When we looked at the two original variables, we DID see a pattern. Why is that pattern gone when we use two PCs?

We forgot something in our analysis. We should have looked at the univariate distributions, i.e., each individual variable. Let's make a stripchart:

In [26]:
sns.stripplot(data = work_numeric)
plt.show()

Let's also take a look at the variance and the evr from the PCA:

In [27]:
for col in work_numeric.columns:
    print(col, work_numeric[col].var())
print('Total variance:', sum(work_numeric.var()))
age 144.64298994974874
children 1.0902261306532668
commute 0.12752271135608598
salary 656172323.7297488
years worked 1.8814741608040193
Total variance: 656172471.4719617
In [28]:
print(pca.explained_variance_ratio_) 
[9.99999777e-01 2.17854776e-07 2.98936692e-09 1.65526575e-09
 7.25054818e-11]
In [29]:
evr = pca.explained_variance_ratio_
plt.figure(figsize=(8,6))
plt.bar(range(1, len(evr)+1), evr, fill = True)
plt.grid(axis = 'y', linestyle = '--')
plt.xlabel('Principal Components', fontsize=14)
plt.ylabel('Fraction of total variance explained', fontsize=14)
plt.show()

What's going on?

In [30]:
from sklearn.preprocessing import StandardScaler as SS
In [31]:
ss = SS()
work_scaled = pd.DataFrame(ss.fit_transform(work_numeric), columns = 
                          work_numeric.columns)
work_scaled.head()
Out[31]:
age children commute salary years worked
0 1.540846 -0.974532 -0.792575 0.250870 -0.501449
1 1.624202 -0.974532 -0.934813 0.662036 1.216092
2 -0.376355 -0.014402 -0.612905 1.883636 1.245327
3 1.124063 3.826119 -0.803804 0.438920 0.090555
4 1.540846 -0.974532 -1.014822 -1.560161 1.091845
In [32]:
pca_work_scaled = pca.fit_transform(work_scaled)
In [33]:
y = work['retain']
labels = ['quit','stay']
colors = ['cornflowerblue', 'slategrey']
for yi in [0,1]:
    idx = y == yi
    plt.scatter(pca_work_scaled[idx,0], pca_work_scaled[idx,1], color = colors[yi],
               label = labels[yi])
plt.legend()
plt.show()

We would have come to an incorrect conclusion based on the first plot.

In [34]:
print(pca.explained_variance_ratio_) 
[0.35675069 0.22437386 0.19870812 0.17651962 0.04364771]
In [35]:
evr = pca.explained_variance_ratio_

plt.figure(figsize=(8,6))
plt.bar(range(1, len(evr)+1), evr, fill = True)
plt.grid(axis = 'y', linestyle = '--')
plt.xlabel('Principal Components', fontsize=14)
plt.ylabel('Fraction of total variance explained', fontsize=14)
plt.show()

It looks like, to get to 90% of total variance explained, we're going to need 4 dimensions, which isn't so much of a reduction.
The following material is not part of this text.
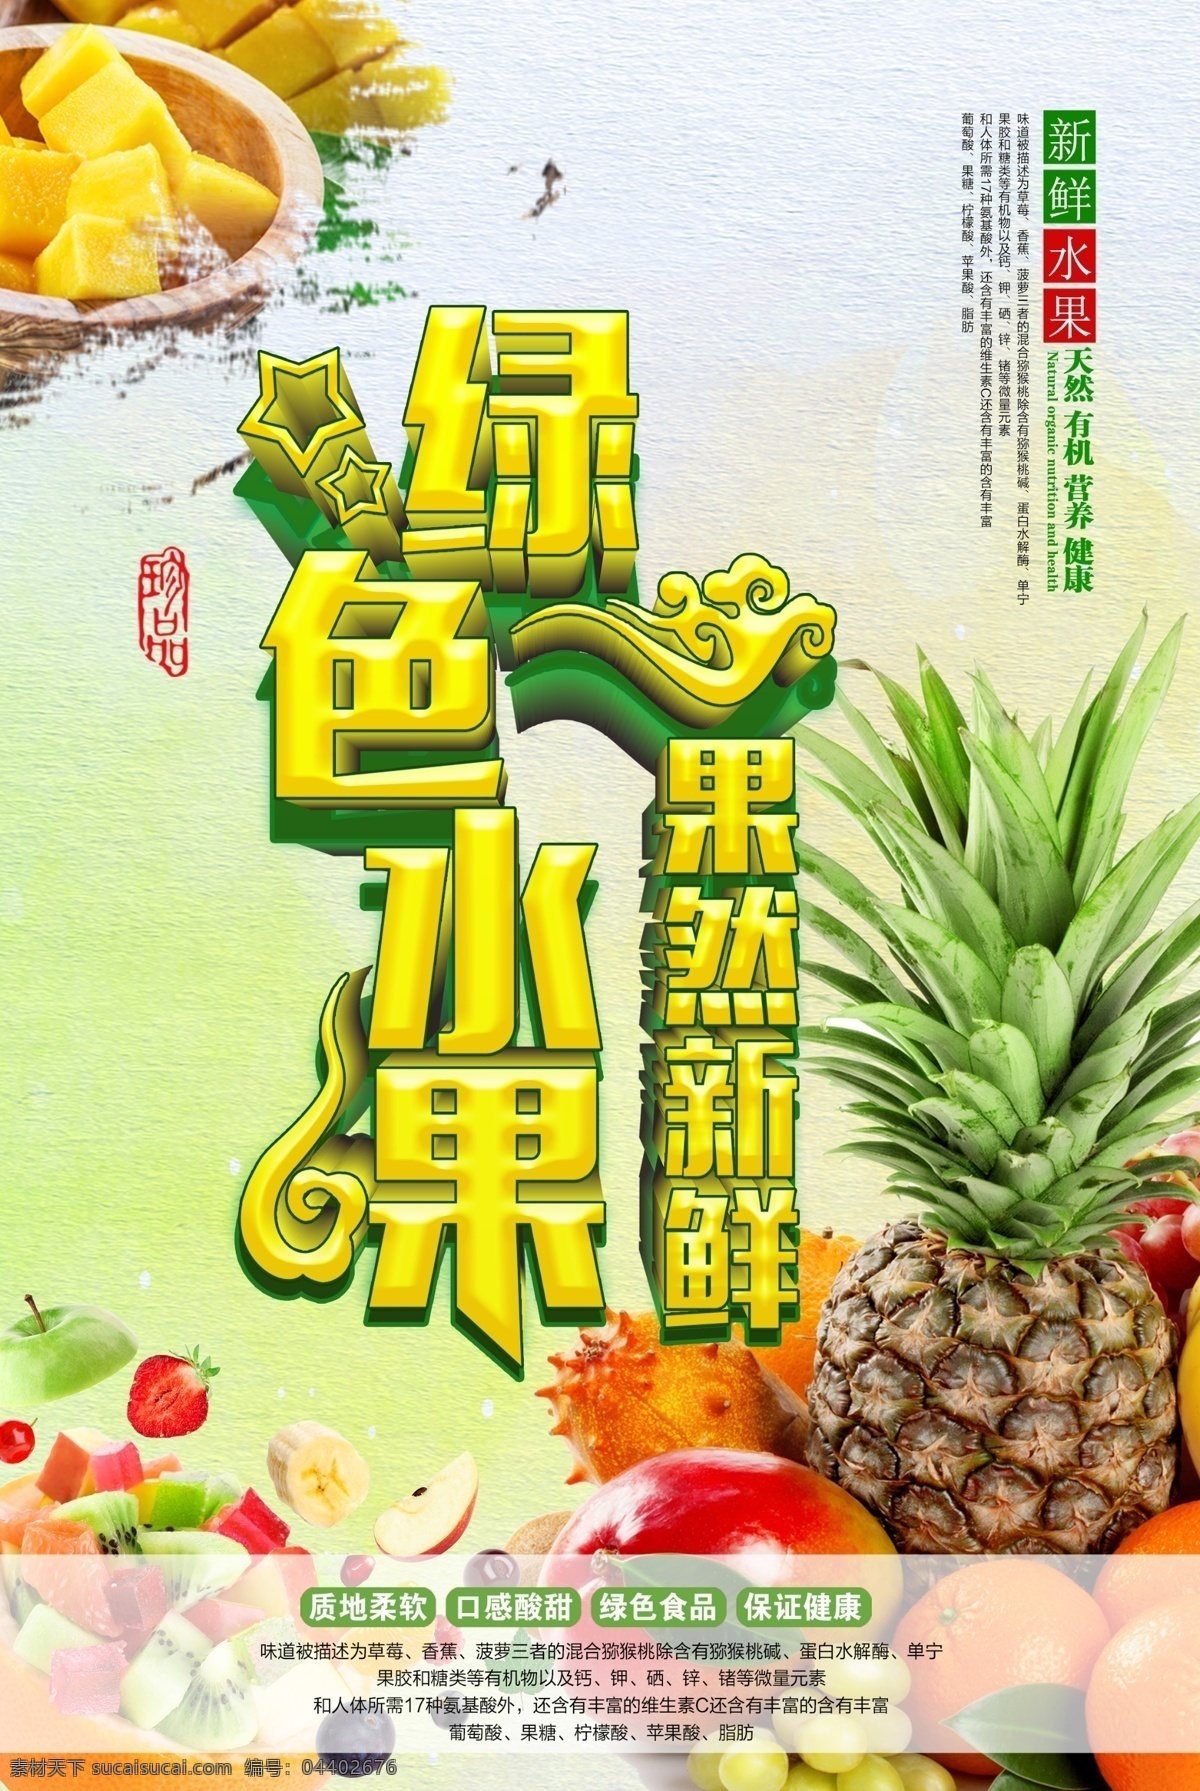 绿色 健康 水果 创意 新鲜水果 水果海报 水果店 水果超市 水果展板 水果广告 水果促销 水果拼盘 蔬菜水果 水果背景 水果年历

What's important to note here is that our original result simply wasn't correct. That is an example of what can happen if you fail to thoroughly inspect your data before diving into some type of modeling.

tSNE (t-distributed stochastic neighbor embedding)¶

tSNE is primarily used for visualization purposes. On the level of matehmatical sophisitication, tSNE is much more complicated than PCA. tSNE stands for "t-distributed stochastic neighbor embedding".

The plain-english explanation of tSNE is this: tSNE looks at your data and gets a sense of the distribution of distances between points. It then does some manipulations of the data with the goal of coming up with a lower-dimensional representation of the data that, as closely as possible, preserves the local distances in the original data. Although that is a bit of a mouthful, it's not that bad. tSNE tries to project your data into fewer dimensions, while trying to preserve the "closeness" of "neighbors" (i.e., it tries to keep close points close).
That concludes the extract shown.